## WHAT IS NEEDED
Reproduce the data exactly as given, except for any images.
** Opening INFORMATION PROVIDED block **
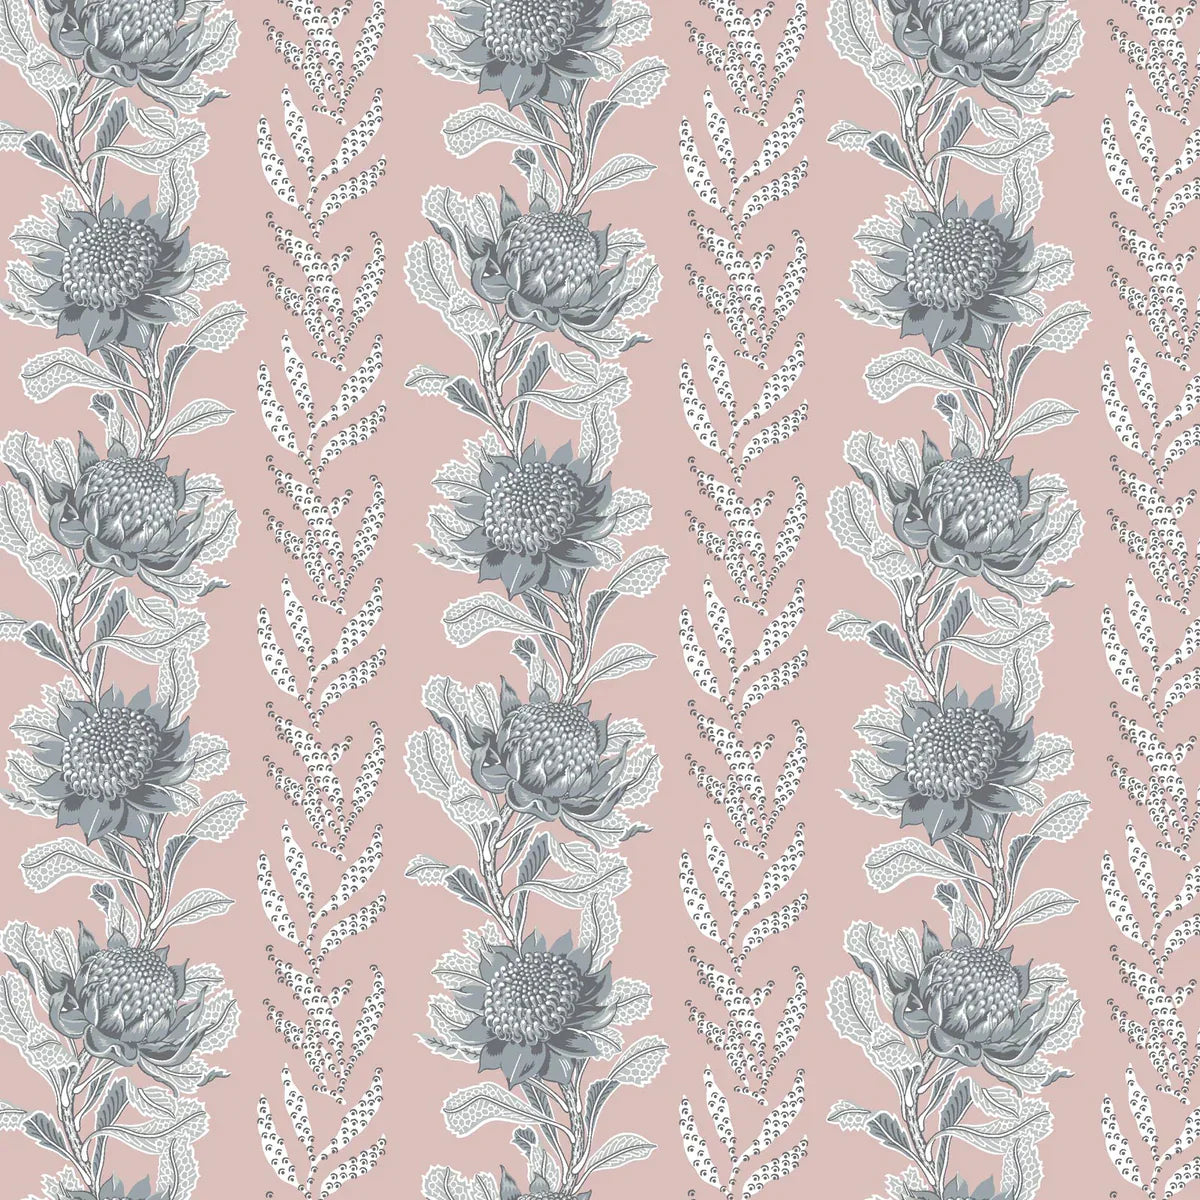 Imperial Waratah Wallpaper - Pink
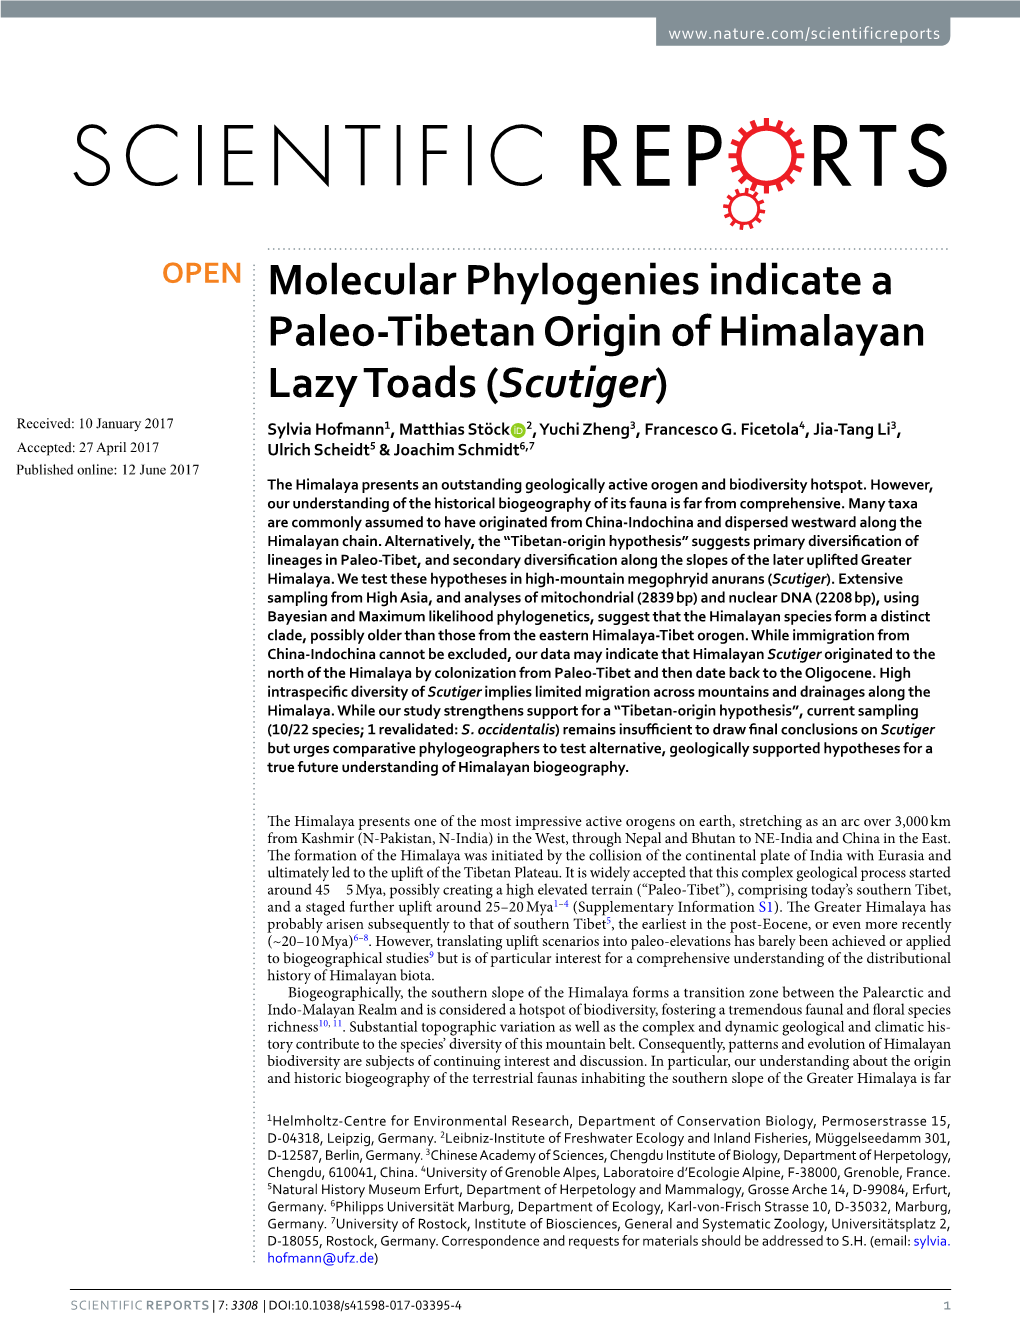 Molecular Phylogenies Indicate a Paleo-Tibetan Origin of Himalayan
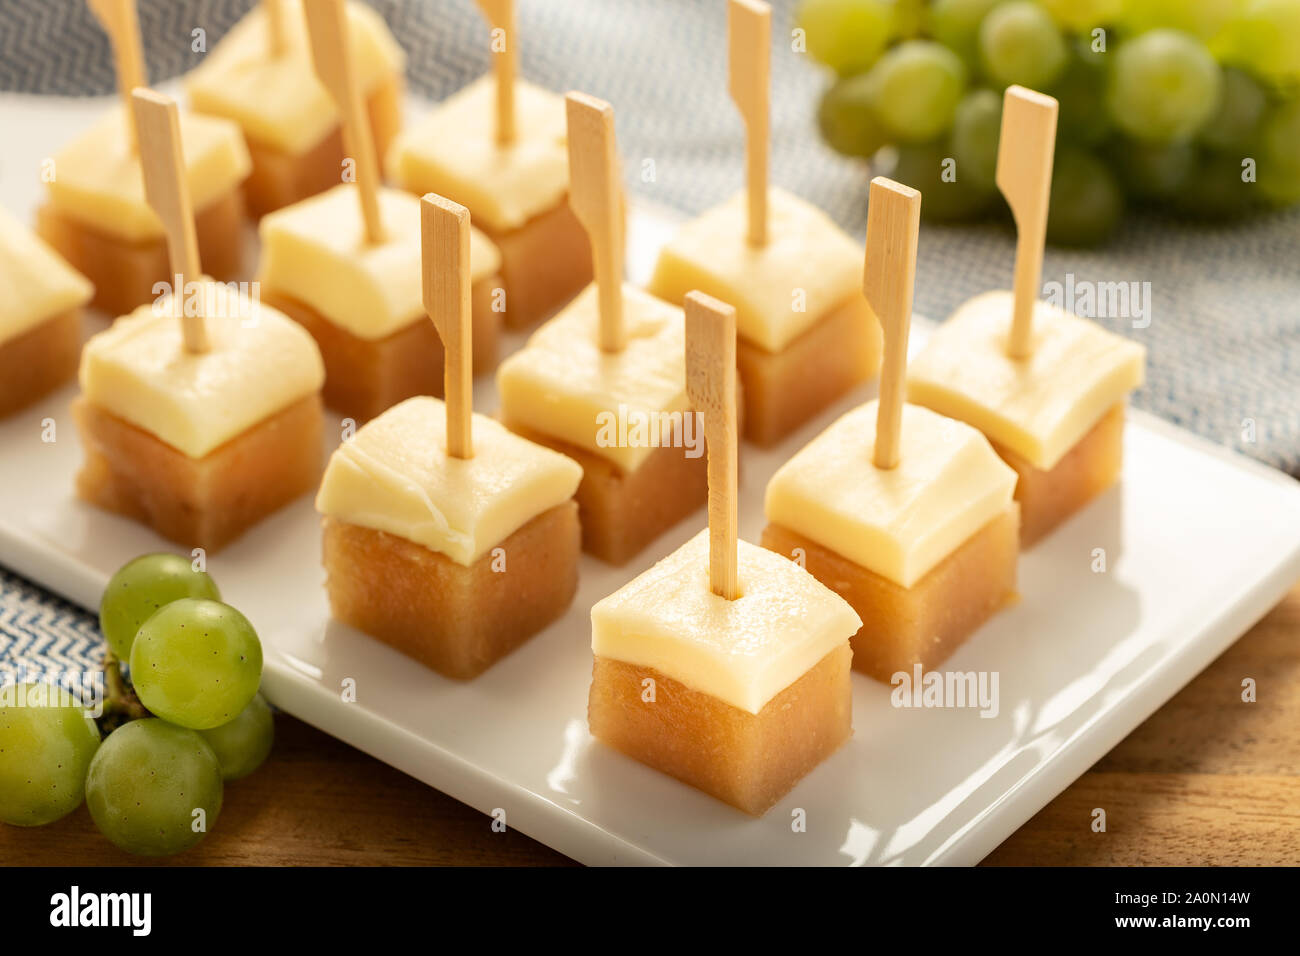 Formaggio con marmellata di mele cotogne sul vassoio. Tipico antipasto spagnolo. snack, Tapa, pintxo dalla Spagna Foto Stock
** Closing INFORMATION PROVIDED block **
## TASK SOLUTION
 Imperial Waratah Wallpaper - Pink
 Molecular Phylogenies Indicate a Paleo-Tibetan Origin of Himalayan
 Formaggio con marmellata di mele cotogne sul vassoio. Tipico antipasto spagnolo. snack, Tapa, pintxo dalla Spagna Foto Stock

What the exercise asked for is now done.